**Supplied information**

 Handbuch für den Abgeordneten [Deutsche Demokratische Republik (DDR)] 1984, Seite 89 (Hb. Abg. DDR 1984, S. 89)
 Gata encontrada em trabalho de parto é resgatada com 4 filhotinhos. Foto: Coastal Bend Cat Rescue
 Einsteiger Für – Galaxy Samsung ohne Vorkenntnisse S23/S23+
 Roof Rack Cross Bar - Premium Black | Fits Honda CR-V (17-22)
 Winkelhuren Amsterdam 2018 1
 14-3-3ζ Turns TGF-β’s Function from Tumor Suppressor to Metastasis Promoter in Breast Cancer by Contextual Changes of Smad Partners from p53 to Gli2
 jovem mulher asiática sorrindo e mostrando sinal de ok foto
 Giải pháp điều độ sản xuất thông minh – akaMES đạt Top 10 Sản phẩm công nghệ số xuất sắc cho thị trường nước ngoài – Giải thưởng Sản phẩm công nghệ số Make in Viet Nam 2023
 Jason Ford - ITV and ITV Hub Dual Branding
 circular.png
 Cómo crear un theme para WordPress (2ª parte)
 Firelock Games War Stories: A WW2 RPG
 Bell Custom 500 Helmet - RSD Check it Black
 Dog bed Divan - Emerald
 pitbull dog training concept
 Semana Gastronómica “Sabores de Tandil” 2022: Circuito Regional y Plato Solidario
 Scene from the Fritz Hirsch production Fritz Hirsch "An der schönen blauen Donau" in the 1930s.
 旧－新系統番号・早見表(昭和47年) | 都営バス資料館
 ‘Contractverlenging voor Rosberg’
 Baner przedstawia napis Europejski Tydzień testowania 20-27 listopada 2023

**Your objective**
Transcribe all of the material above with complete accuracy.

**Response below**
 Handbuch für den Abgeordneten [Deutsche Demokratische Republik (DDR)] 1984, Seite 89 (Hb. Abg. DDR 1984, S. 89)
 Gata encontrada em trabalho de parto é resgatada com 4 filhotinhos. Foto: Coastal Bend Cat Rescue
 Einsteiger Für – Galaxy Samsung ohne Vorkenntnisse S23/S23+
 Roof Rack Cross Bar - Premium Black | Fits Honda CR-V (17-22)
 Winkelhuren Amsterdam 2018 1
 14-3-3ζ Turns TGF-β’s Function from Tumor Suppressor to Metastasis Promoter in Breast Cancer by Contextual Changes of Smad Partners from p53 to Gli2
 jovem mulher asiática sorrindo e mostrando sinal de ok foto
 Giải pháp điều độ sản xuất thông minh – akaMES đạt Top 10 Sản phẩm công nghệ số xuất sắc cho thị trường nước ngoài – Giải thưởng Sản phẩm công nghệ số Make in Viet Nam 2023
 Jason Ford - ITV and ITV Hub Dual Branding
 circular.png
 Cómo crear un theme para WordPress (2ª parte)
 Firelock Games War Stories: A WW2 RPG
 Bell Custom 500 Helmet - RSD Check it Black
 Dog bed Divan - Emerald
 pitbull dog training concept
 Semana Gastronómica “Sabores de Tandil” 2022: Circuito Regional y Plato Solidario
 Scene from the Fritz Hirsch production Fritz Hirsch "An der schönen blauen Donau" in the 1930s.
 旧－新系統番号・早見表(昭和47年) | 都営バス資料館
 ‘Contractverlenging voor Rosberg’
 Baner przedstawia napis Europejski Tydzień testowania 20-27 listopada 2023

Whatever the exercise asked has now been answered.